Reputation: 993
I have the following C++ code which uses zlib to compress a memory buffer into a gzip encoded stream:
void compress(const std::vector<char>& src)
{
static constexpr int DEFAULT_WINDOW_BITS = 15;
static constexpr int GZIP_WINDOW_BITS = DEFAULT_WINDOW_BITS + 16;
static constexpr int GZIP_MEM_LEVEL = 8;
z_stream stream;
const auto srcData = reinterpret_cast<unsigned char*>(const_cast<char*>(src.data()));
stream.zalloc = Z_NULL;
stream.zfree = Z_NULL;
stream.opaque = Z_NULL;
stream.next_in = srcData;
stream.avail_in = src.size();
auto result = deflateInit2(&stream,
Z_DEFAULT_COMPRESSION,
Z_DEFLATED,
GZIP_WINDOW_BITS,
GZIP_MEM_LEVEL,
Z_DEFAULT_STRATEGY);
if (result == Z_OK)
{
std::vector<char> dest(deflateBound(&stream, stream.avail_in));
const auto destData = reinterpret_cast<unsigned char*>(dest.data());
stream.next_out = destData;
stream.avail_out = dest.size();
result = deflate(&stream, Z_FINISH);
if (result == Z_STREAM_END)
{
std::cout << "Original: " << src.size() << "; compressed: " << dest.size() << std::endl;
}
else
{
std::cerr << "Error when compressing: code " << std::to_string(result);
}
result = deflateEnd(&stream);
if (result != Z_OK)
{
std::cerr << "Error: Cannot destroy deflate stream: code " << std::to_string(result) << std::endl;
}
}
else
{
std::cerr << "Error: Cannot initialize deflate stream: code " << std::to_string(result) << std::endl;
}
}
While the function finishes successfully, I'm getting no compression at all. In fact, for a 3MB file consisting of just the character 'a' repeated multiple times, I get the following:
Original: 3205841; compressed: 3206843
Am I doing something wrong?
(Notice that this is a simplified version of the original code; in practice, I'd be using RAII and exceptions for resource and error handling).
Upvotes: 1
Views: 552
Reputation: 112239
The comments on the question are the answers, so just to record them here for posterity ...
dest.size()
does not, and cannot be changed by deflate()

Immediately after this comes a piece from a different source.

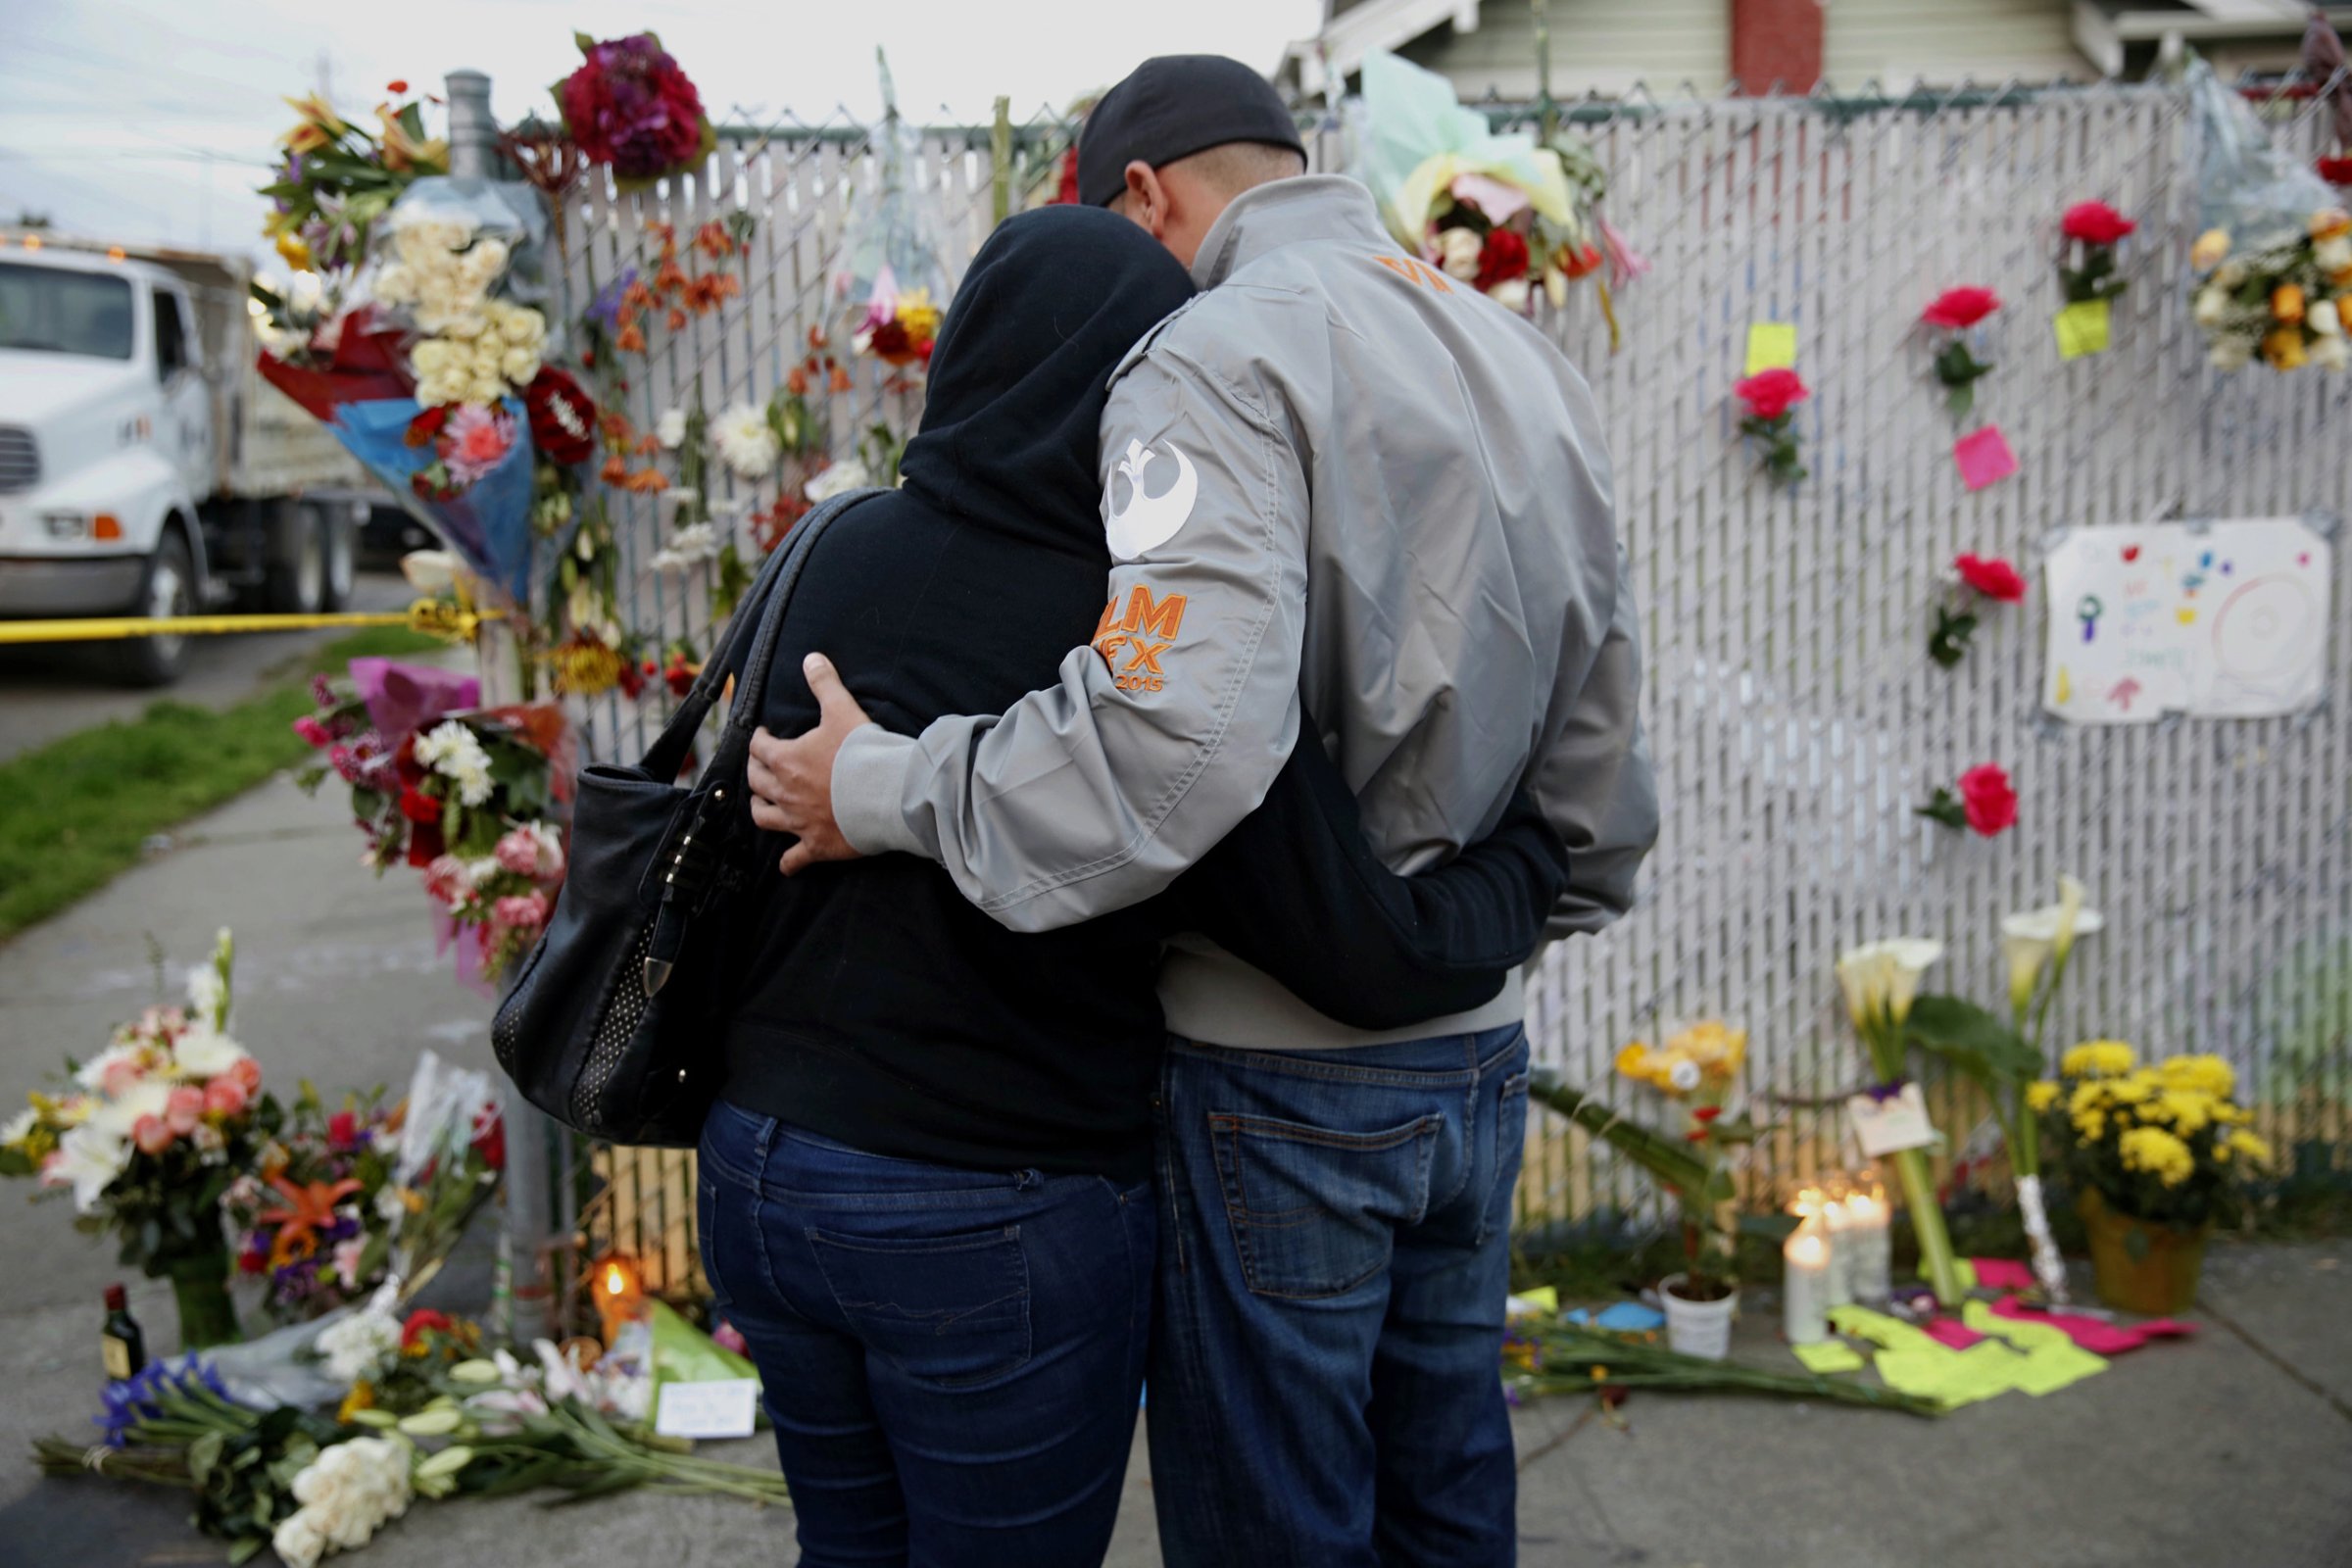 Mourners hug next to flowers near the site of the warehouse fire in Oakland, Calif., on Dec. 4, 2016.
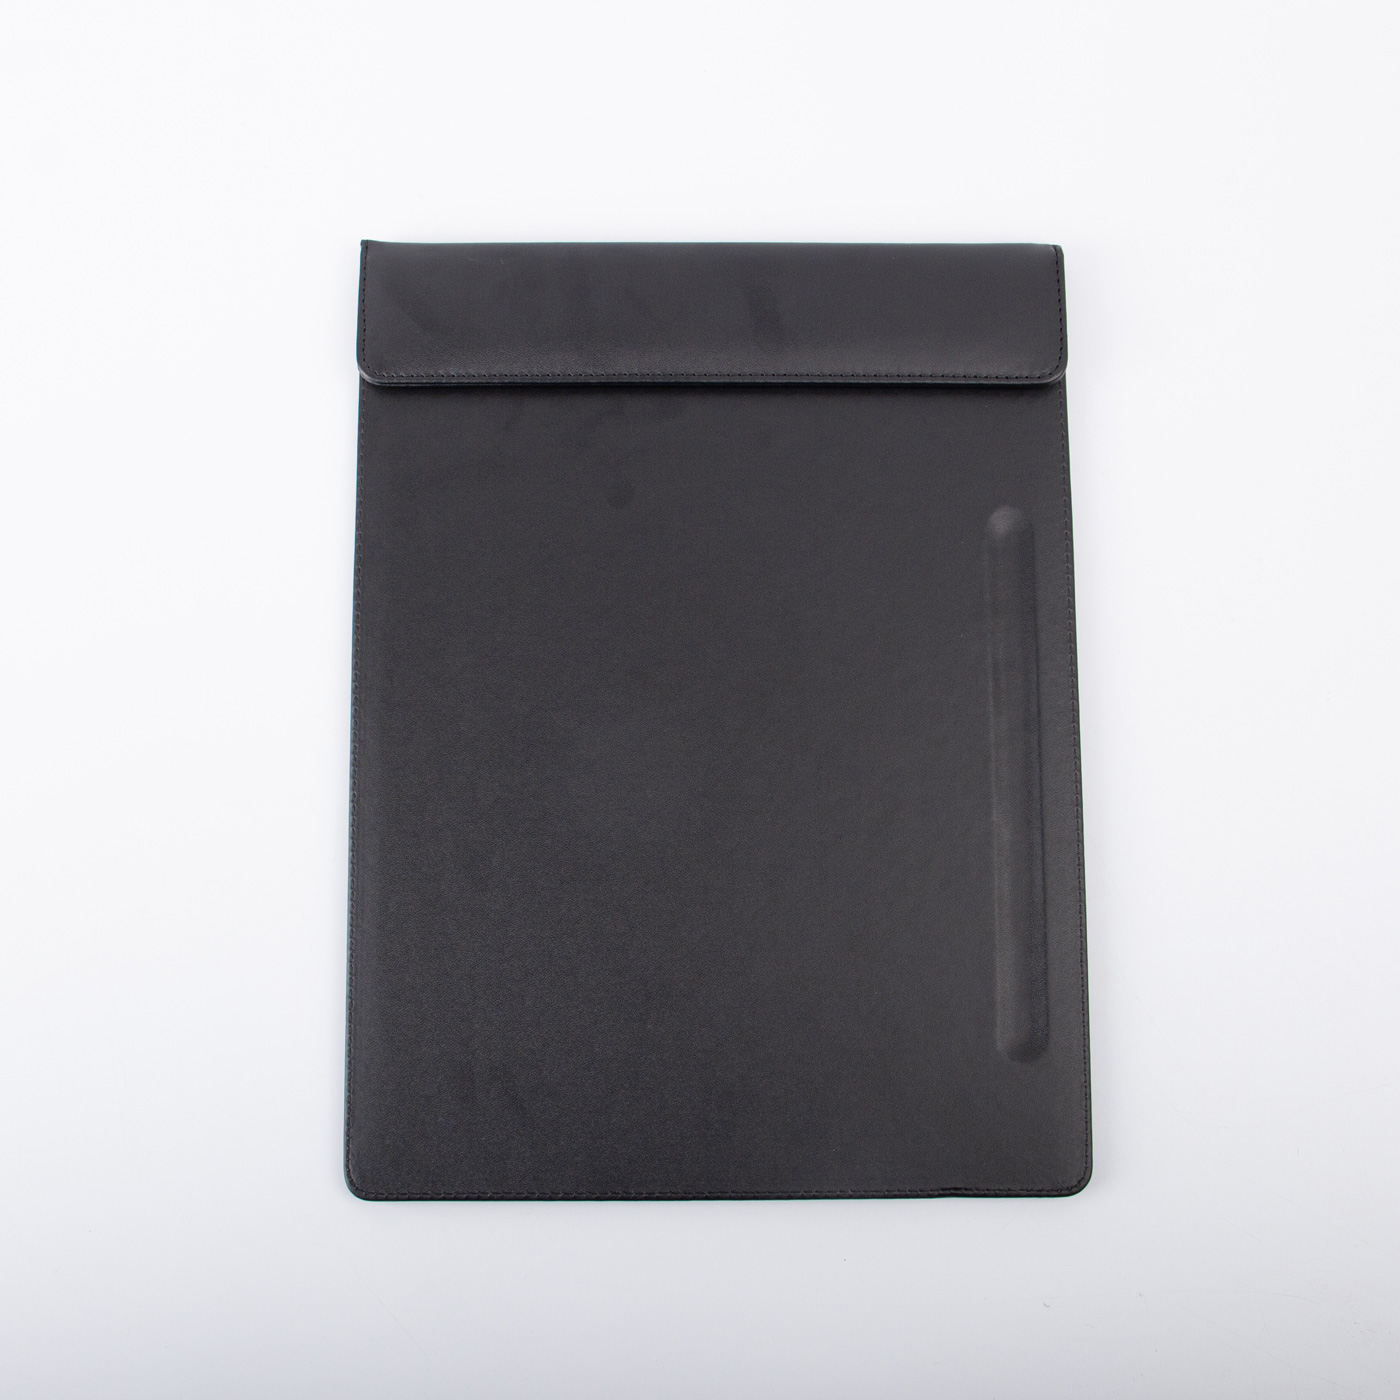 Leather Magnetic Clipboard With Pen Slot4

. All you get from dest.size()
is the size of your output buffer before compression. You need to look at something that comes back from the deflate()
call in order to determine the size of the compressed result. That can be either dest.size() - strm.avail_out
, or strm.total_out
.
Doing the compression in a single call means that you need to fit both the input and output buffer sizes in an unsigned
, which is usually 32 bits. So you are limited to compressing about 4 GB of data. If you might need to do more, then you would need a loop, calling deflate()
for smaller chunks. Possibly much smaller chunks, measured in 10's or 100's of Kbytes. That is the usual way to use deflate()
, since it takes much less memory and keeps your routine from being a resource hog in that regard.
deflateBound()
is specifically for the purpose of supporting the use of a single deflate()
call. It provides an upper bound on the possible compressed size, which can be a smidge larger than the input data. That is the case when the input data is incompressible, e.g. already compressed or random.
Upvotes: 2